Jackson did not write that letter.'
He wrote two words on the pad in front of him and passed the sheet over. 'What do you make of those?'
Lewis looked down at
egog
and
metantatopi,
but managed to decipher neither of these orthographic monstrosities.
'You've no idea, have you?' continued Morse. 'And I don't blame you, because that's the sort of thing your illiterate johnnies sink to. The first word's supposed to be "hedgehog", and the second's "meat and potato pie" — and they're both genuine! Chap from the examination board told me. Do you see what I mean?'
Yes, Lewis was beginning to wonder if the chief hadn't got something; but wasn't he assuming that Jackson
was
illiterate? If someone found a book on your shelves entitled
Teach Yourself to Spell,
it didn't automatically mean...
But Morse was still going on. 'And then there's this business of the money, isn't there? If Jackson thought he'd got a soft touch for a nice little bit of blackmail, I reckon he'd have asked for one helluva sight more than a measly— '
'Perhaps he did, sir.'
The interjection stopped Morse in his tracks, and he nodded in reluctant agreement. 'Ye-es. You know, I hadn't thought of that.'
'Don't you think, anyway, that it might be better to find out about this? Find out whether Jackson could write?'
'You're right! Get on to that woman at the Post Office down there, Mrs Whatsername— '
'Mrs Beavers.'
‘That's her. Get on to her and ask her how Jackson signed for his OAP. And since she's such a nosy old bugger, ask her who Jackson was doing a bit of work for before he died — apart from Anne Scott. Do you know what, Lewis? I reckon you'll find that Jackson was doing one or two other little jobs as well.'

 

Three-quarters of an hour later Lewis learned that Jackson was able, just, to render in alphabetical characters a tentative resemblance to 'G. Jackson' on his OAP slips. But it wouldn't much have mattered if he'd not even been able to manage that — so Mrs Beavers asserted. There were one or two of the old 'uns who got by with an 'X', provided that it was inscribed on PO premises in view of one of the staff, or vouched for by some close relative or friend. Mrs Beavers herself had often had to read or explain to Jackson some notification of change or renewal, or some information about supplementary benefit or rate rebate. And Jackson had readily understood such things — and acted upon them. He was, it seemed, far from unintelligent. The fact remained, however, that to all intents and purposes Jackson was illiterate.

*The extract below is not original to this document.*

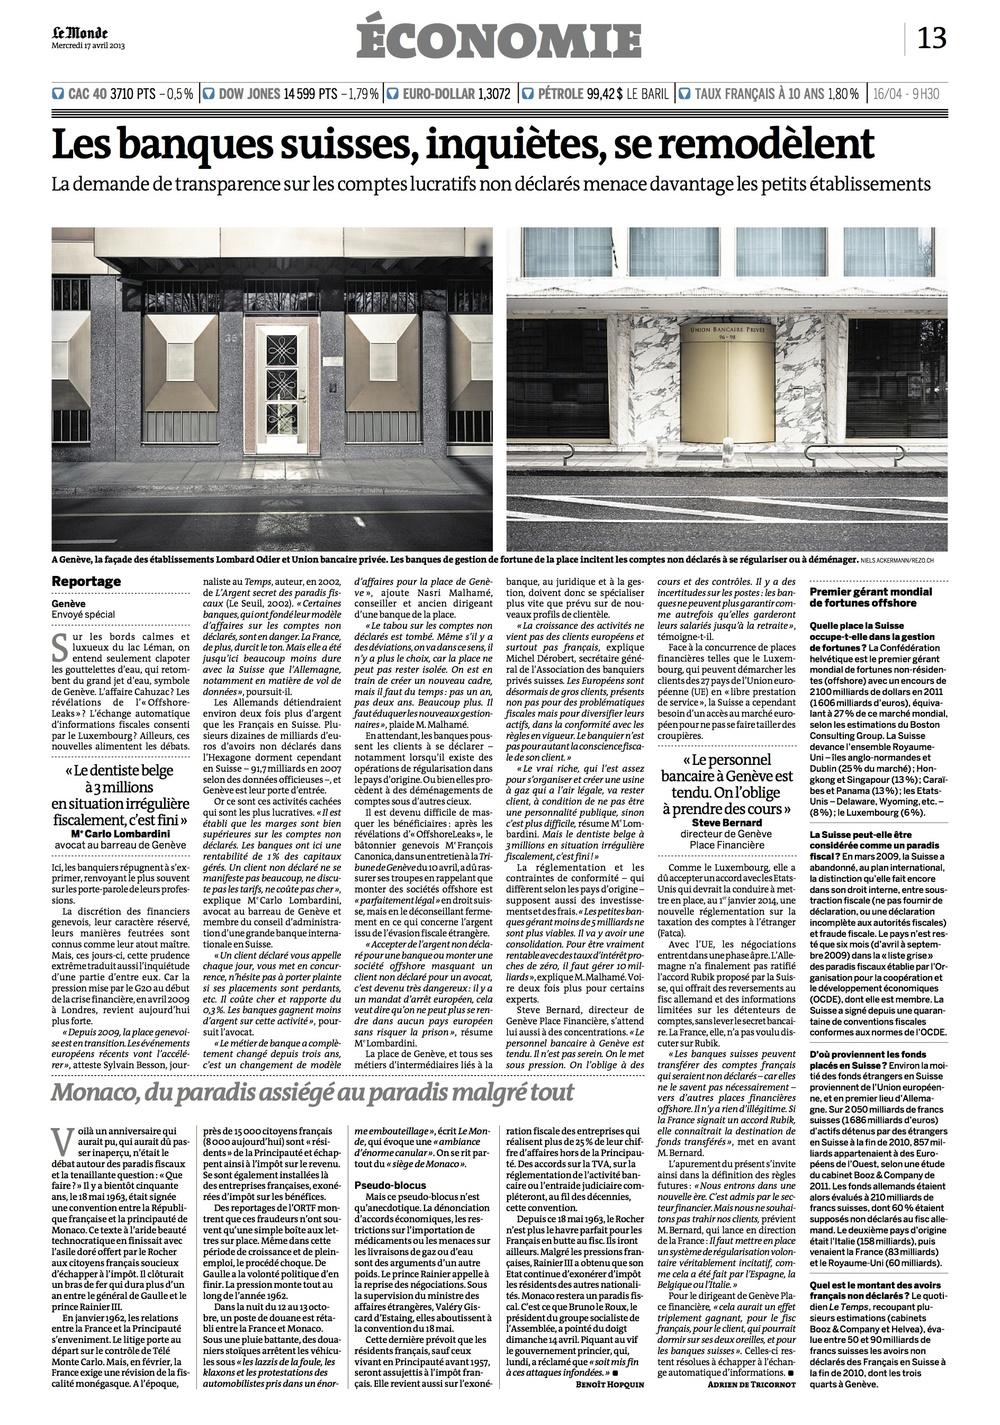 Le Monde 13-04-16.jpg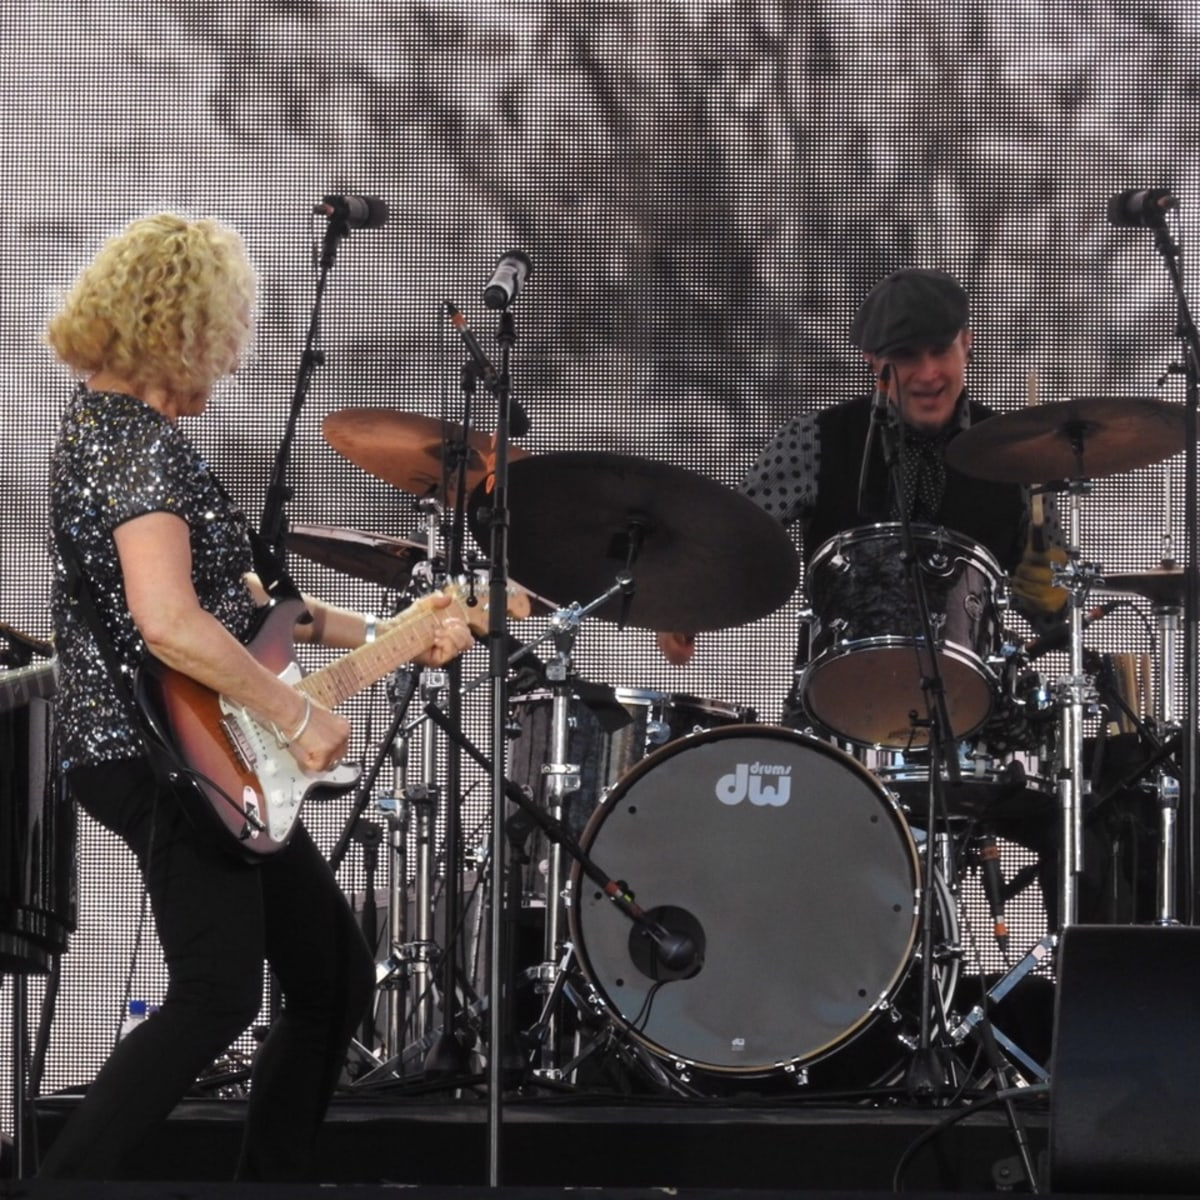 Carole King at London concert playing guitar

Mrs Beavers was just as well up with the odd-job needs of the local community as with the literary competences of her clientele. Mrs Jones in Cardigan Street, had found occasion to hire Jackson's services in planning and rehanging several doors that were sagging and sticking; Mrs Purvis in Canal Reach had asked Jackson if he could rewire the house for her — the estimate from the Electricity Board was quite
ridiculous.
Then there was that couple who'd just moved into Albert Street who wanted pelmets made for the windows...'
Lewis listened and made his awkward notes. It was, he had to admit, pretty well as Morse had said it would be; and when he reported back to Kidlington the only thing that seemed to interest Morse was, of all things, Mrs Purvis's rewiring.